A possible generic specification of a extraction function using jsoup that can retrieve generic url's and items (or both, or either, or none) could be defined as follows. It's functional, and idiomatic afaik. Please provide comments if it can be improved.
import org.jsoup.nodes.Document
object ExtractorTraits {
case class UrlPair[T](data: String, payload: Option[T])
case class ResultPair[T,U](items: Option[Seq[T]],urls: Option[Seq[UrlPair[U]]] = None)
trait ItemExtractorTrait[I,C] {
type ExtractedType = I
type RetType = Option[Seq[ExtractedType]]
type ExtractorFunction = (Document,Option[C]) => RetType
def apply : ExtractorFunction
}
class ItemExtractor[I,C](extract_item : ItemExtractorTrait[I,C]#ExtractorFunction = (doc : Document,c: Option[C]) => None)
extends ItemExtractorTrait[I,C] { val apply = (doc: Document, ctxt: Option[C]) => extract_item(doc,ctxt) }
trait UrlExtractorTrait[U,C] {
type UrlPayload = U
type RetType = Option[Seq[UrlPair[U]]]
type ExtractorFunction = (Document,Option[C]) => RetType
def apply : ExtractorFunction
}
class UrlExtractor[U,C](extract_url : UrlExtractor[U,C]#ExtractorFunction = (doc:Document,c : Option[C]) => None)
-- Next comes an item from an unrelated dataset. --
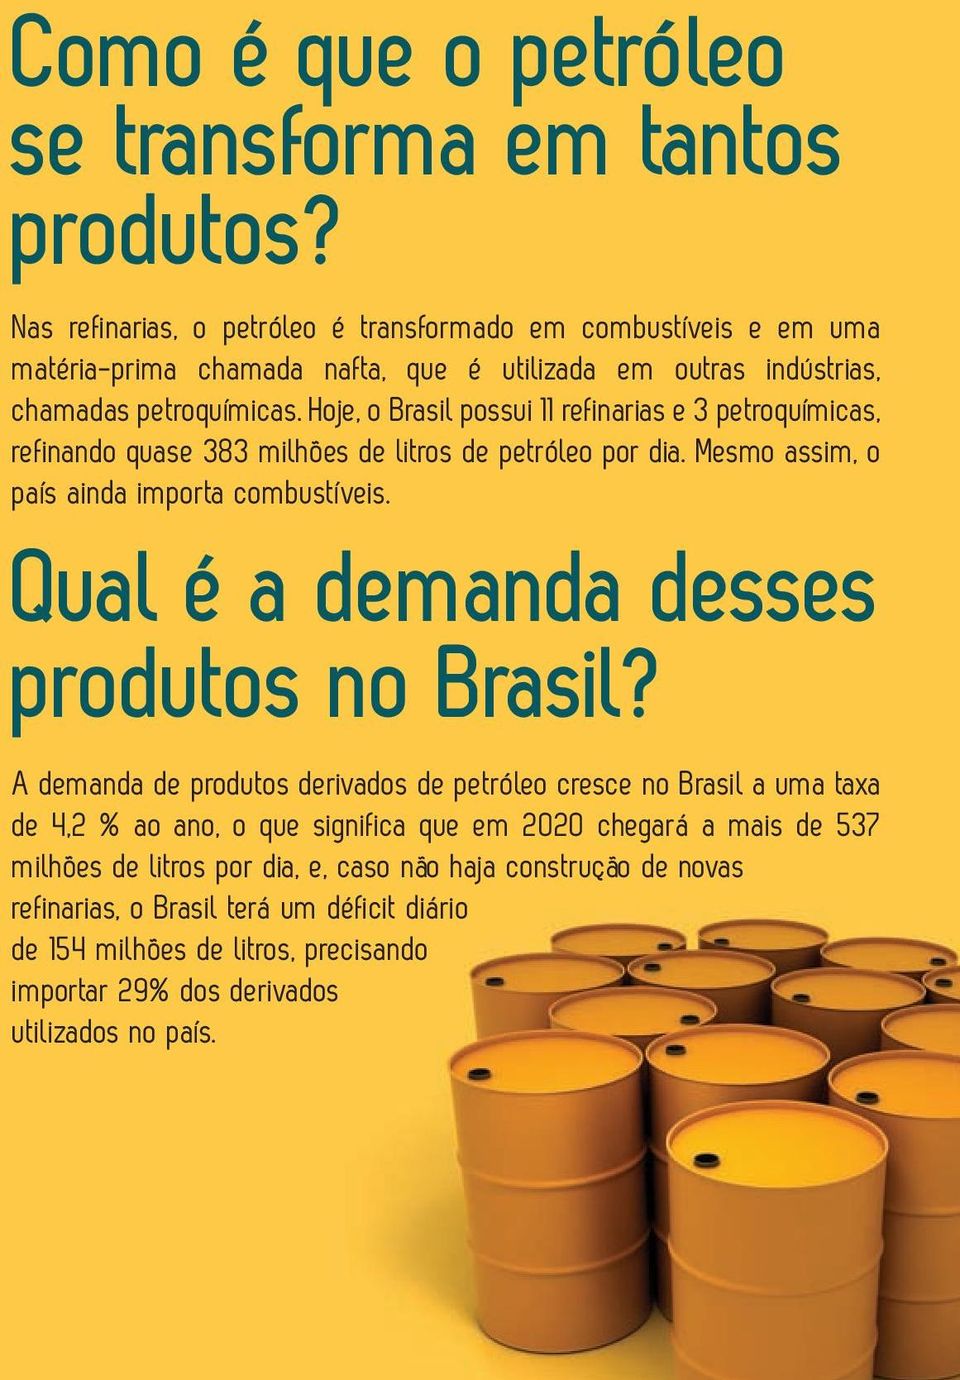 Hoje, o Brasil possui 11 refinarias e 3 petroquímicas, refinando quase 383 milhões de litros de petróleo por dia. Mesmo assim, o país ainda importa combustíveis.

extends UrlExtractorTrait[U,C] { val apply = (doc: Document, ctxt: Option[C]) => extract_url(doc,ctxt)}
trait ExtractorTrait[I,U,C] {
type RetType = ResultPair[I,U]
type ExtractorFunction = (Document, Option[C]) => RetType
def apply : ExtractorFunction
}
class Extractor[I,U,C] (item_extractor: ItemExtractorTrait[I,C]#ExtractorFunction = new ItemExtractor[I,C]().apply,
url_extractor: UrlExtractorTrait[U,C]#ExtractorFunction = new UrlExtractor[U,C]().apply) extends ExtractorTrait[I,U,C] {
val apply = (doc: Document, ctxt: Option[C]) => ResultPair[I,U](item_extractor(doc,ctxt),url_extractor(doc,ctxt))
}
}
edit
Split the function traits up so they can be worked with separately.
edit2
extractors now have context